With this encoding scheme, I don't think we need to do this?  As long as
it's *at least* 12 bit, then we're fine.

> - guest should pass full huge pages to host
>   this should be done correctly to avoid breaking up huge pages
>   I would say yes let's use a single format but drop the "normal chunk"
>   and always use the extended one.
>   Also, size is in units of 4k, right? Please document that low 12 bit
>   are reserved, they will be handy as e.g. flags.

What per-chunk flags are you thinking would be useful?

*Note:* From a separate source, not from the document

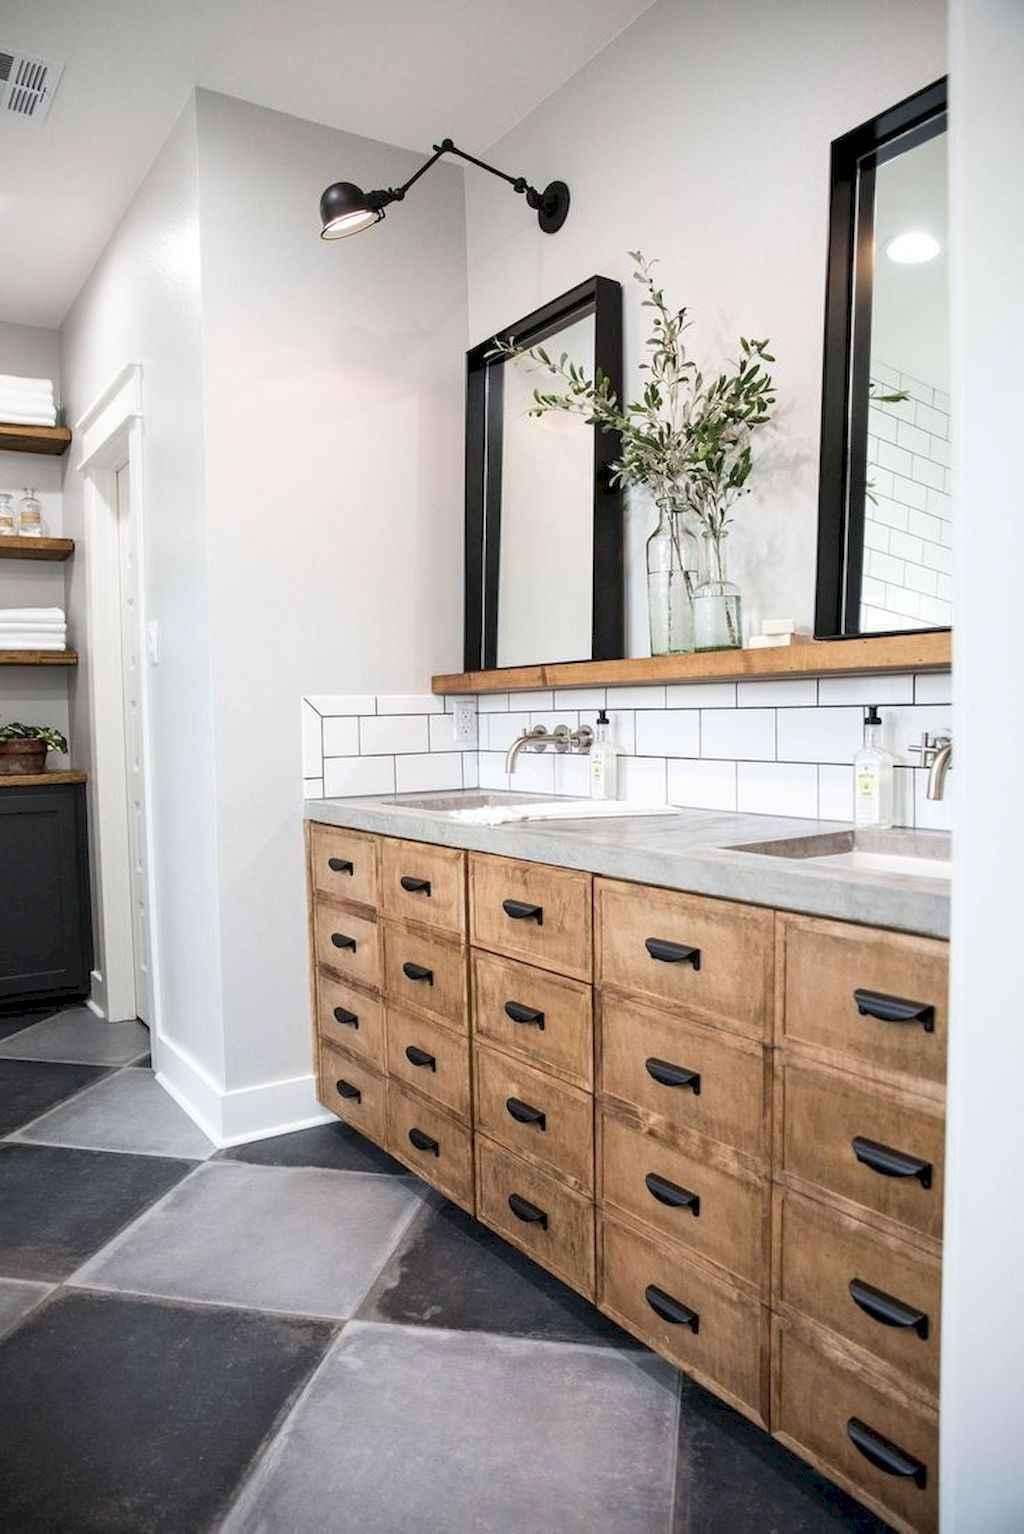 125 awesome farmhouse bathroom vanity remodel ideas (94)

Re: [Qemu-devel] [PATCH v7 kernel 3/5] virtio-balloon: implementation of VIRTIO_BALLOON_F_CHUNK_TRANSFER

2017-03-09 Thread Matthew Wilcox
On Fri, Mar 03, 2017 at 01:40:28PM +0800, Wei Wang wrote:
> From: Liang Li 
> 1) allocating pages (6.5%)
> 2) sending PFNs to host (68.3%)
> 3) address translation (6.1%)
> 4) madvise (19%)
> 
> This patch optimizes step 2) by transfering pages to the host in
> chunks. A chunk consists of guest physically continuous pages, and
> it is offered to the host via a base PFN (i.e. the start PFN of
> those physically continuous pages) and the size (i.e. the total
> number of the pages). A normal chunk is formated as below:
> ---
> |  Base (52 bit)   | Size (12 bit)|
> ---
> For large size chunks, an extended chunk format is used:
> ---
> | Base (64 bit)   |
> ---
> ---
> | Size (64 bit)   |
> ---

What's the advantage to extended chunks?  IOW, why is the added complexity
of having two chunk formats worth it?  You already reduced the overhead by
a factor of 4096 with normal chunks ... how often are extended chunks used
and how much more efficient are they than having several normal chunks?